Bei den Sängern gibt es eine Reihe von Comprimario-Partien, welche nicht weiter auffallen. Pauschale Namensnennung also: DANIEL PANNERMAYR (Oberpriester von Bethulien), JONGHOON YOU, NICHOLAS PROBST, SVEN BAKIN (Hauptmänner), MARTIN TZONEV (Assad; Gesandter von Mesopotamien), EGBERT HEROLD (Trabant), NINA UNDEN (Stimme). Ein laszives Solo hat die Tänzerin Karioca. Ein noch stärkeres Interesse vermag die mezzohelle CERI WILLIAMS auf sich zu ziehen. Als Abra, Judiths Dienerin, wird sie freilich ziemlich wuselig geführt. War da ein Komik-Kontrast beabsichtigt? JOHANNES MERTES absolviert als Hauptmann des Holofernes einen tenoral prunkenden Auftritt.

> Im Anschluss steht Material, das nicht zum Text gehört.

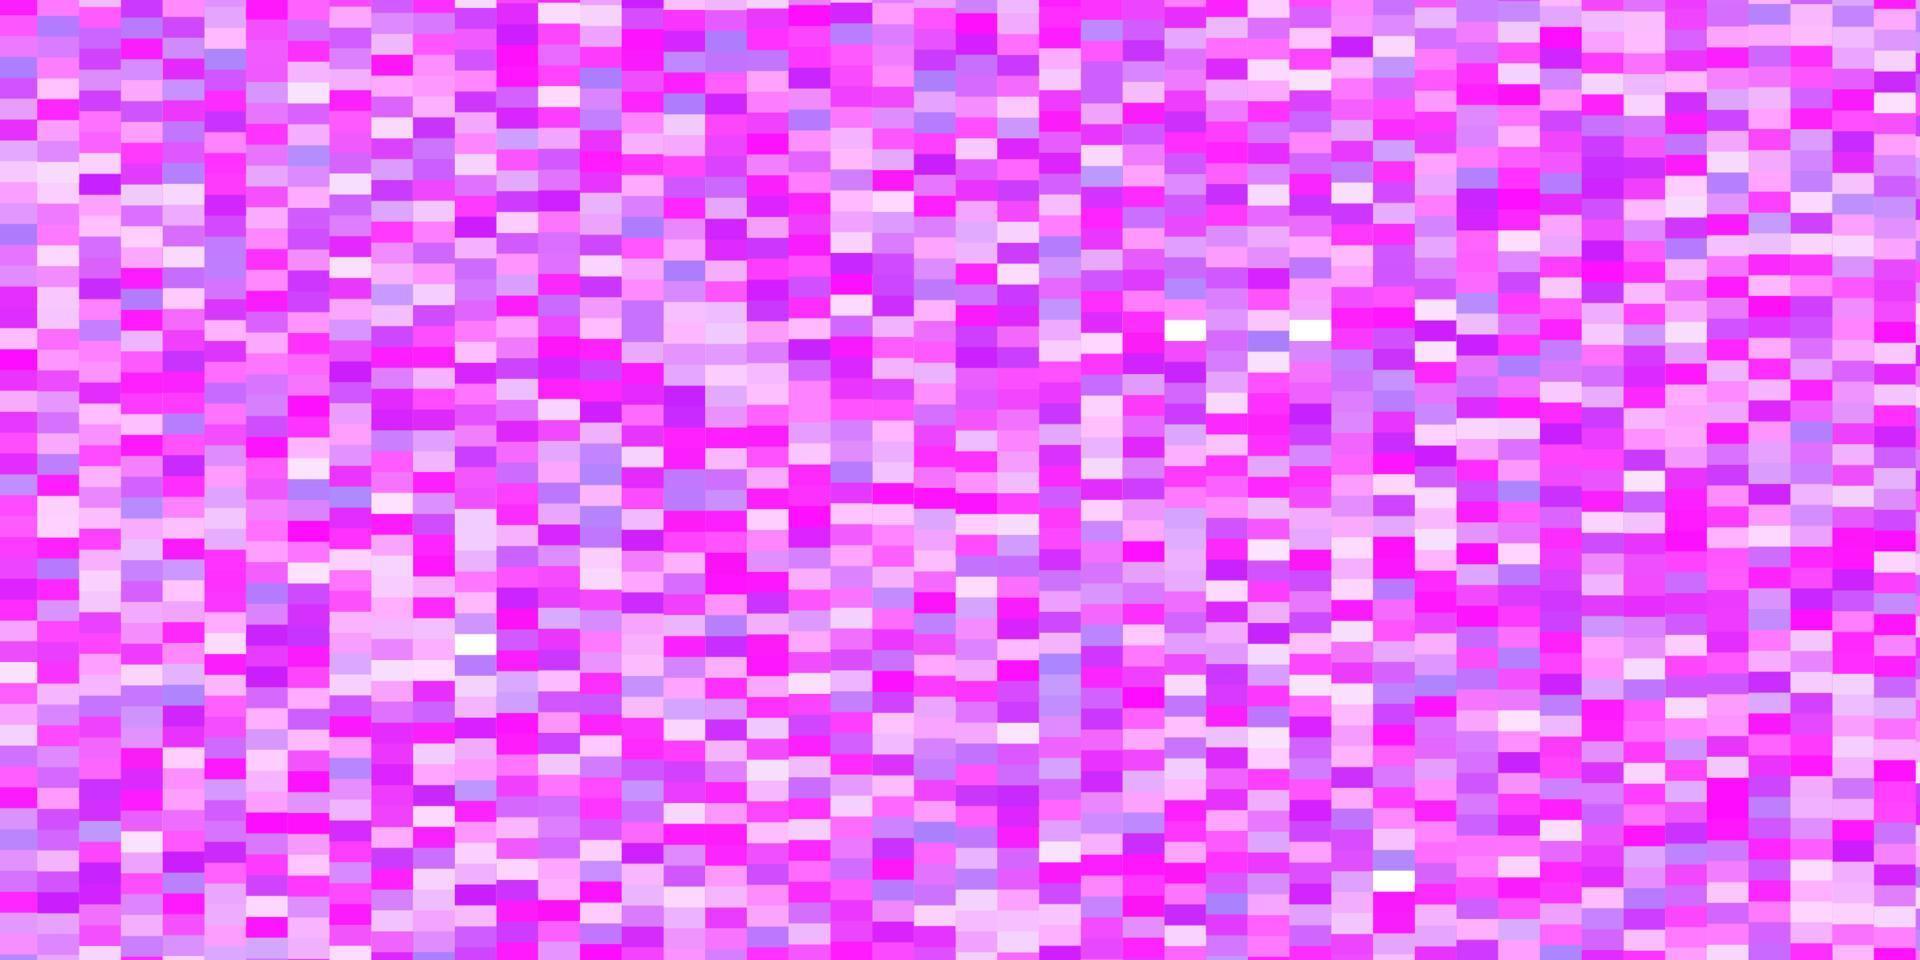 modèle de vecteur violet clair, rose dans les rectangles.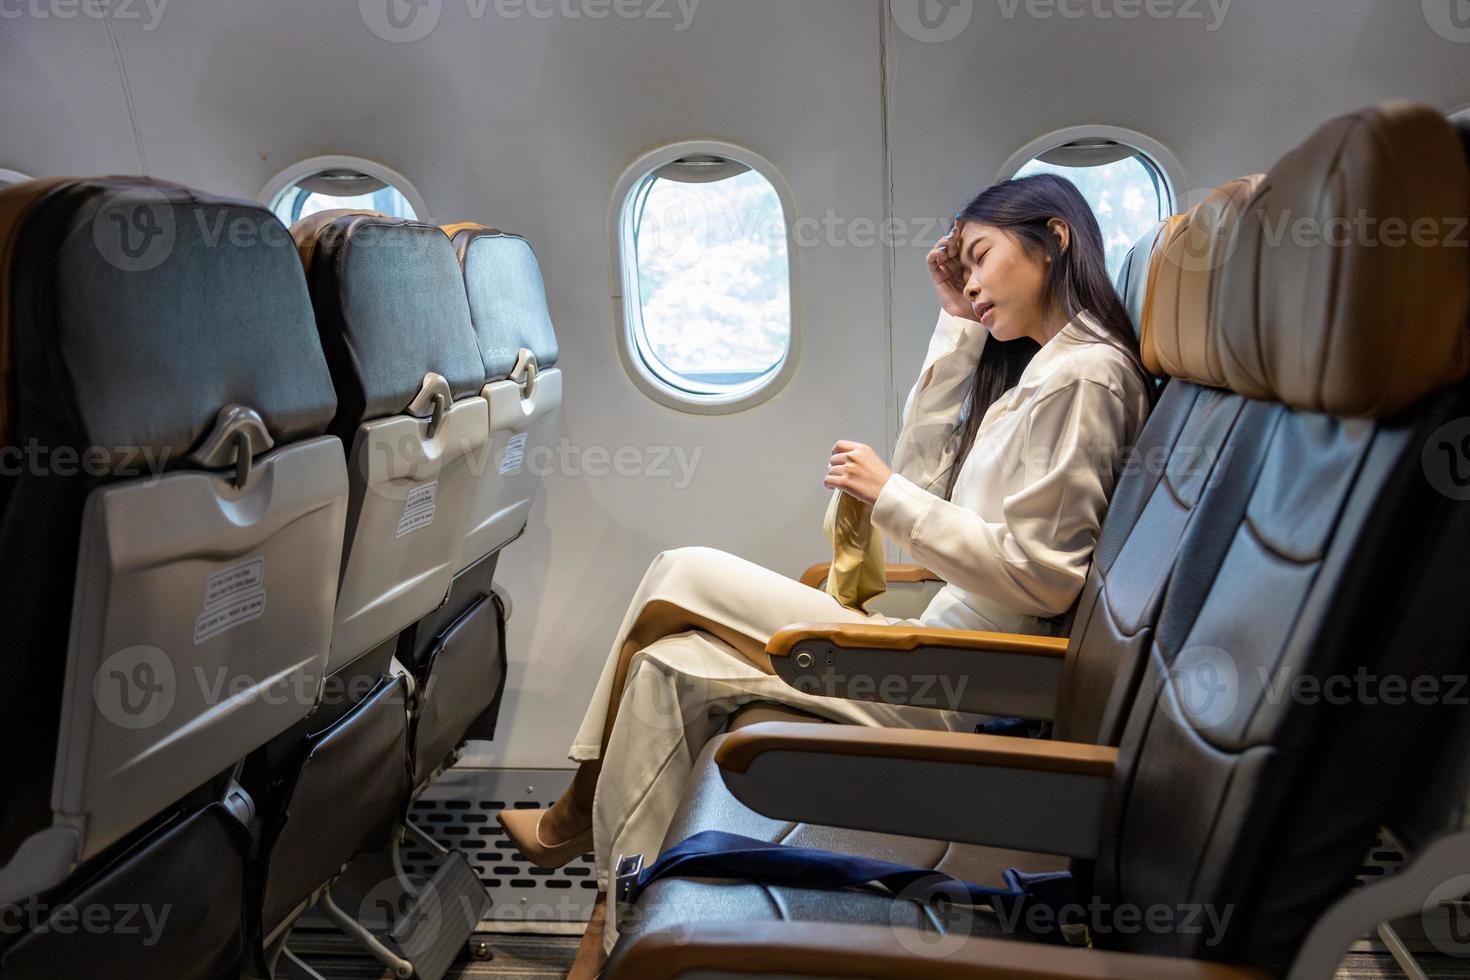 la mujer asiática se siente mareada y se aferra a la bolsa de vómitos durante el vuelo en el avión debido al movimiento y la enfermedad del viaje que causan mareos por aerofobia y transporte foto

Die Titelpartie, also der wahrhaft abstoßende Holofernes, ist für MARK MOROUSE eine weitere heldenbaritonale Stufe in seiner eindrucksvollen Karriere an der Bonner Oper. Sängerisch exzellent, wird er in seiner durchaus ergiebiger vorzustellenden Rolle von der Regie indes kaum gefordert, ist im Grunde nur ein lärmiger Poltergeist. Auch in Judiths Innenleben hätte die Regie mehr forschen dürfen und müssen. Aber mit ihrem leuchtkräftigen, doch stets schlanken Sopran, welcher sich vor einiger Zeit auch bei Wagners Senta bewährte, hat die Südafrikanerin JOHANNI VAN OOSTRUM alle nur denkbaren Sympathien auf ihrer Seite.